KEYWORDS: Antioxidants; Docosahexanoic
acid; Eicosapentanoic acid; Lipoproteins
INTRODUCTION
Low dietary intake and plasma concentration of
omega-3 polyunsaturated fatty acids (PUFA) are associated with cognitive
decline and dementia risk1. The etiology of sporadic Alzheimers
disease (AD) is multifactorial. In Yorubas of African descent, it was observed
that age, genetic variations, cultural, lifestyle and environmental factors
like habitual diet may play important roles in the neurological disorder 2,
3. It was hypothesized that very long chain omega-3 PUFA as present in
fish oil could be responsible for interindividual variation in the rate of
decline cognitive performance over time in the general elderly population4.
Kalmijn et al.5 reported that increased docosahexanoic acid (DHA)
intake was protective of cognitive decline and that low concentration of DHA
was found in brain tissue of persons with AD.

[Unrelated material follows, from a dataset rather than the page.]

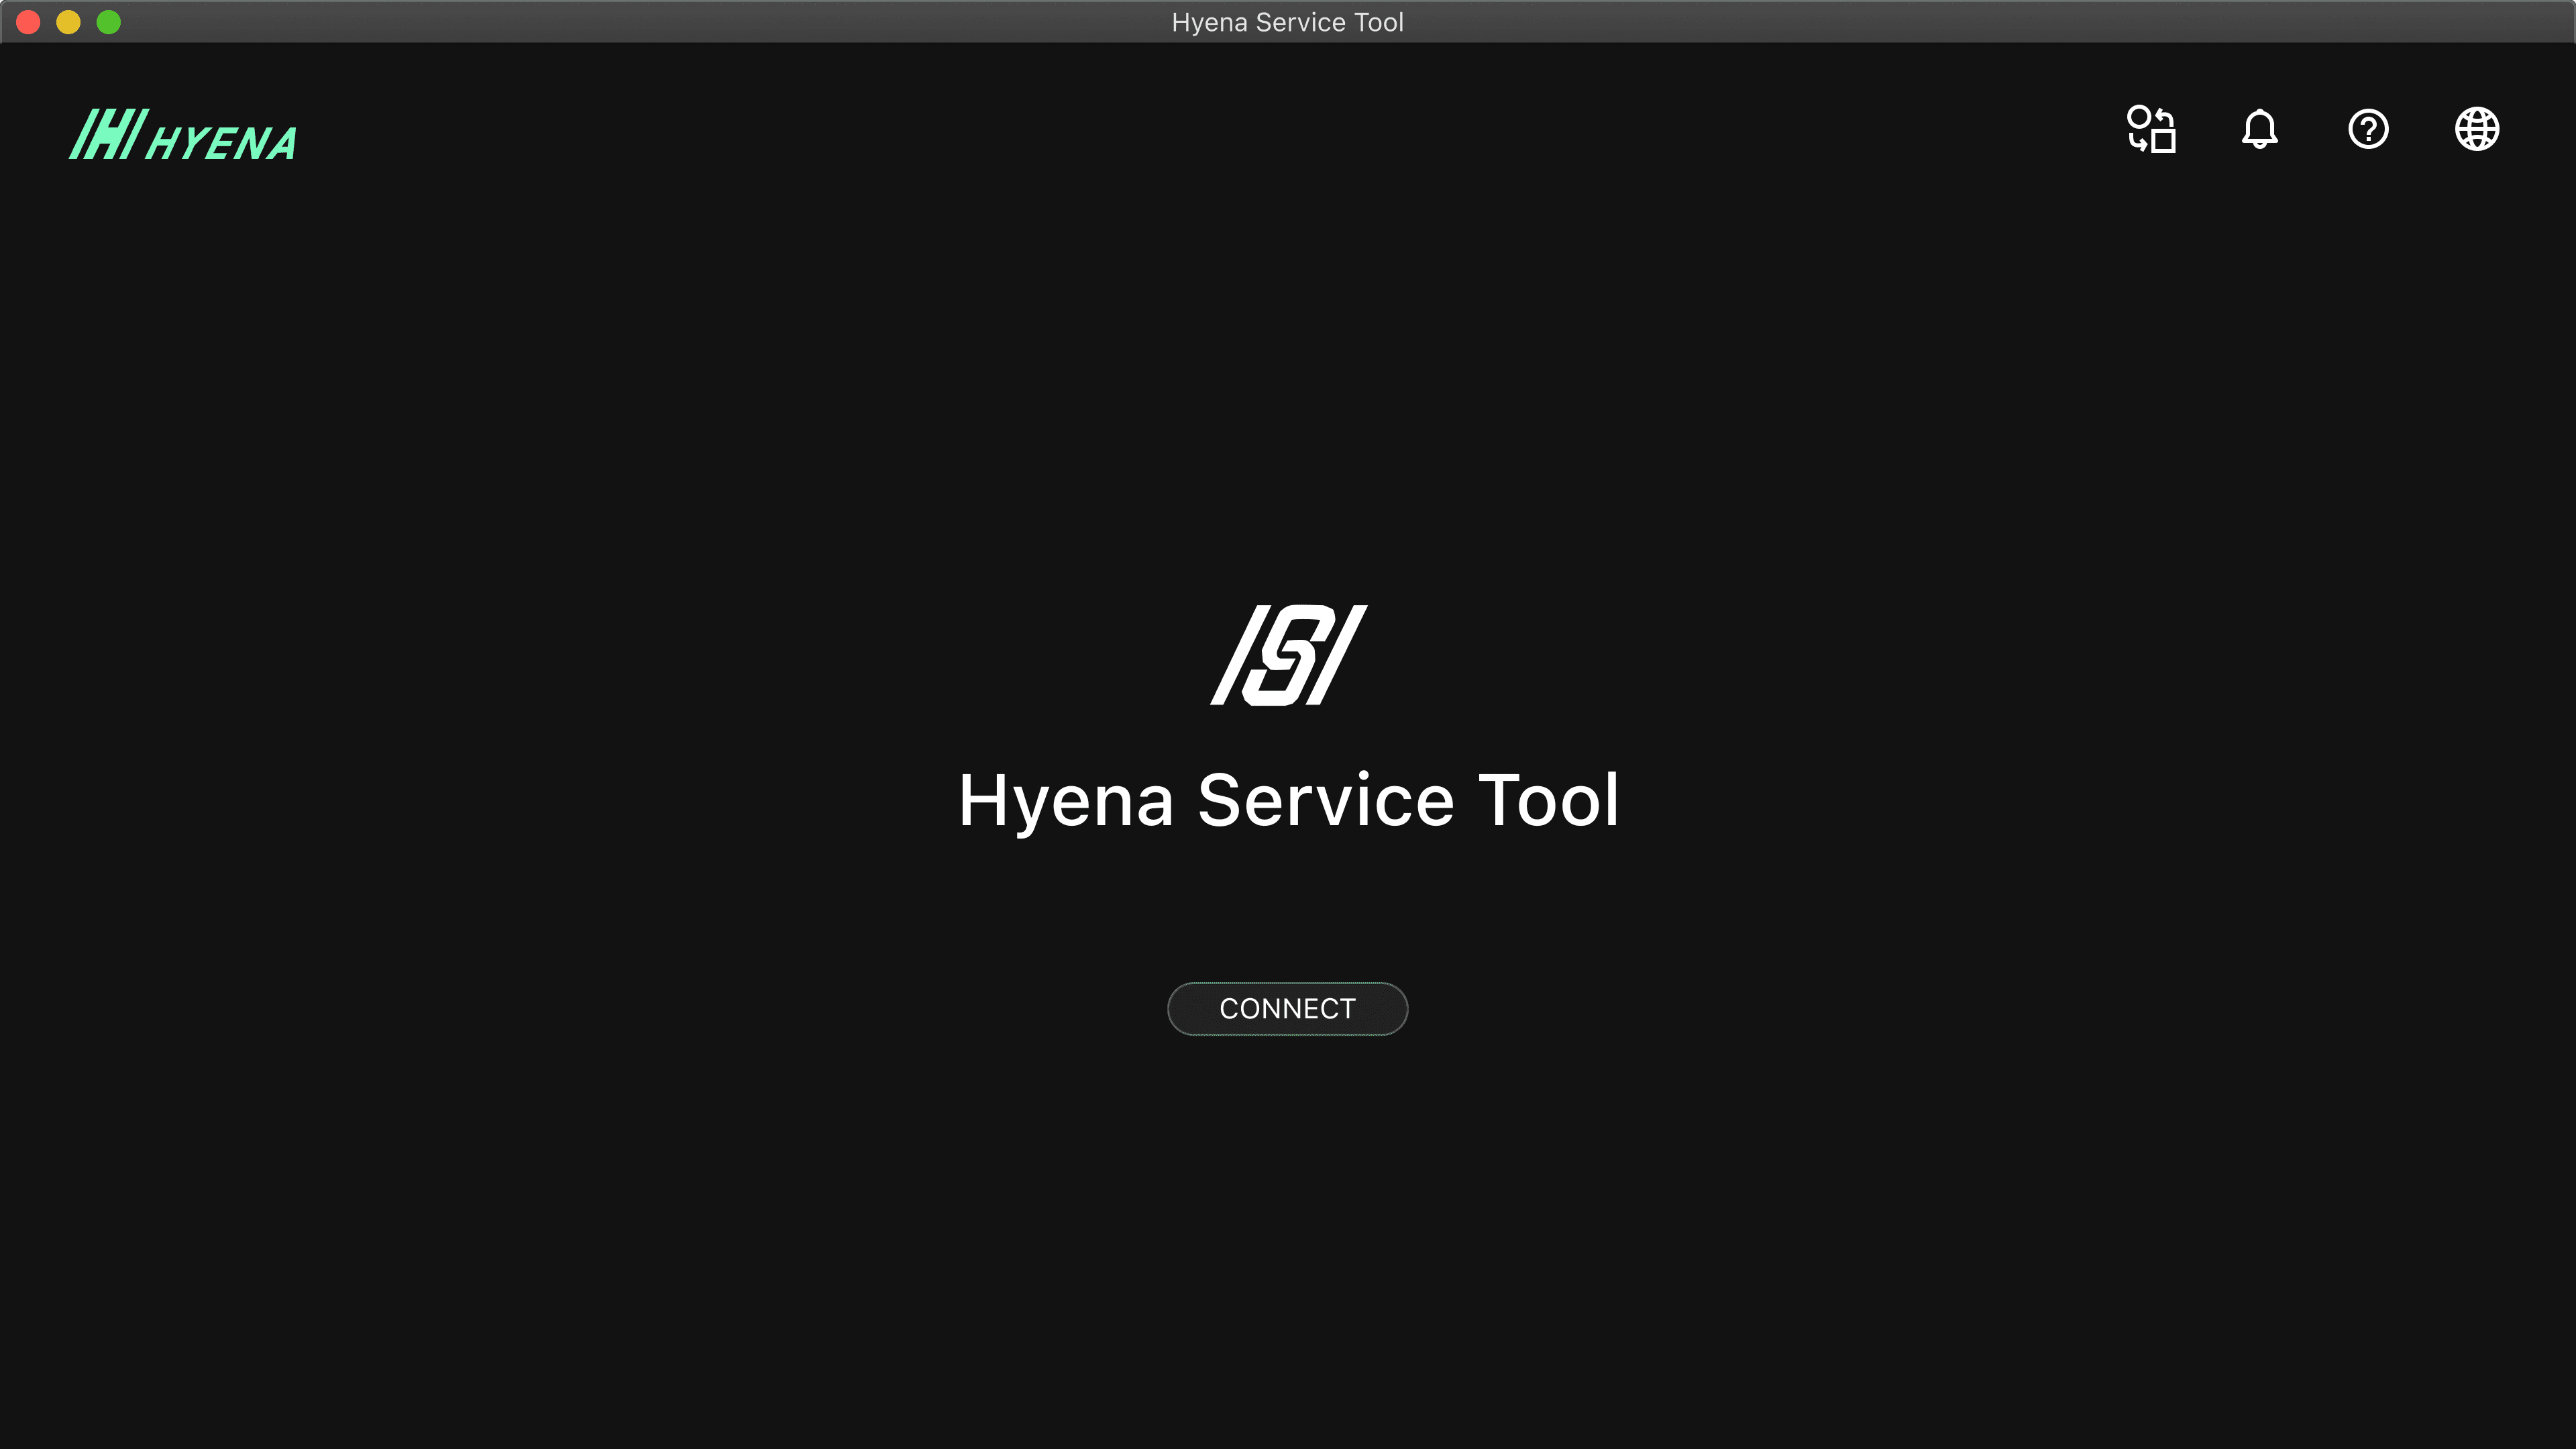 Hyena Service Tool Home Page

Brain cholesterol alters the degradation of amyloid
precursor protein, which contributes to the pathogenesis of AD. Some workers
suggested that reduced cellular cholesterol levels promote tau phosphorylation
in neurons, inhibit dendrite outgrowth and synaptogenesis, and induce
neurodegeneration6. The gene coding for the low-density lipoprotein
receptor-related protein gene, which is the ApoE receptor and resides on
chromosome 12, may be associated with the expression of late-onset AD7.
Lipoproteins are targets for oxidation. It was
reported that cholesterol oxidation in the brain is of relevance in
pathogenesis of vascular dementia (VD) cases with mixed pathology 8.
Long chain PUFAs in brain include both omega-3 (e.g DHA, 22:6n-3) and omega-6
(e.g arachidonic acid (AA), 20:6n-6) PUFAs. They are prone to free radical
attack and hydrogen abstraction leading to oxidative damage 9.
Oxidative damage in the form of lipid peroxidation is known to play a
significant role in pathogenesis of neurodegeneration in AD 10.
Laboratory studies show that markers of oxidative damage are elevated in early
AD11 and this is associated with lower plasma antioxidant levels11.
When there is a weakening of antioxidant defence or
excessive production of free radicals, a state of oxidative stress occurs, if
uncontrolled, these free radicals damage different biological targets such as
lipids 12. Lipophilic antioxidants such as vitamin E is
neuroprotective, essential for normal brain function, accumulates in the brain
and decrease peroxidation of brain lipids in animal models 13,14.
Evidence suggests that decreased levels of antioxidant vitamins lead to higher
susceptibility to oxidative stress and a higher grade of lowdensity
lipoprotein (LDL) cholesterol oxidation as found in VD patients6.
Epidemiological studies support antioxidant intake as a means of reducing AD
risk from oxidative damage.15, 16
In humans, selenium deficiency has been implicated in
etiology of cardiovascular disease and conditions in which oxidative stress and
inflammation are prominent features 17. Selenium deficiency also
interferes with normal conversion of alpha-linolenic acid (ALA) to
eicosapentanoic acid (EPA) and DHA leading to increased omega 6: omega 3 PUFA
ratios 18. Glutathione peroxidase (a selenium containing enzyme) and
vitamin E inactivates the damaging effects of intermediates of lipofuscin
metabolism 19. Lipofuscin is formed by reactions of hydrogen
peroxide with PUFA resulting in formation of organic free radicals which could
damage neuronal DNA. This may have a direct toxic effect on brain cells 19.
This study is aimed at studying the relationship between omega-3, -6 fatty
acids and selected antioxidant nutrients in elderly Nigerians with vascular
dementia (VD) and Alzheimers disease in comparison to controls.
MATERIALS AND METHODS
Study
population
One hundred subjects (60 males, 40 females; mean age:
65.6±6.71 years) were enrolled in this study. These comprised of:
- Forty patients (24 males, 16 females; 69.03±8.19 years) attending the Neurology
clinic at the Medical Outpatient Unit of the University College Hospital,
Ibadan were diagnosed as suffering from vascular dementia using the National
Institute of Neurological Disorders and Stroke (NINDS) criteria which includes
incidence of cerebrovascular disease with or without history of stroke, onset
of dementia within 3 months following a recognized stroke and abrupt or
fluctuating deterioration in cognitive functions 20. Diagnosis by
the Consultant Neurologist also included taking a medical history, performing a
physical and neurological examination, and administering a neuropsychological
battery using Mini-Mental State Examination (MMSE).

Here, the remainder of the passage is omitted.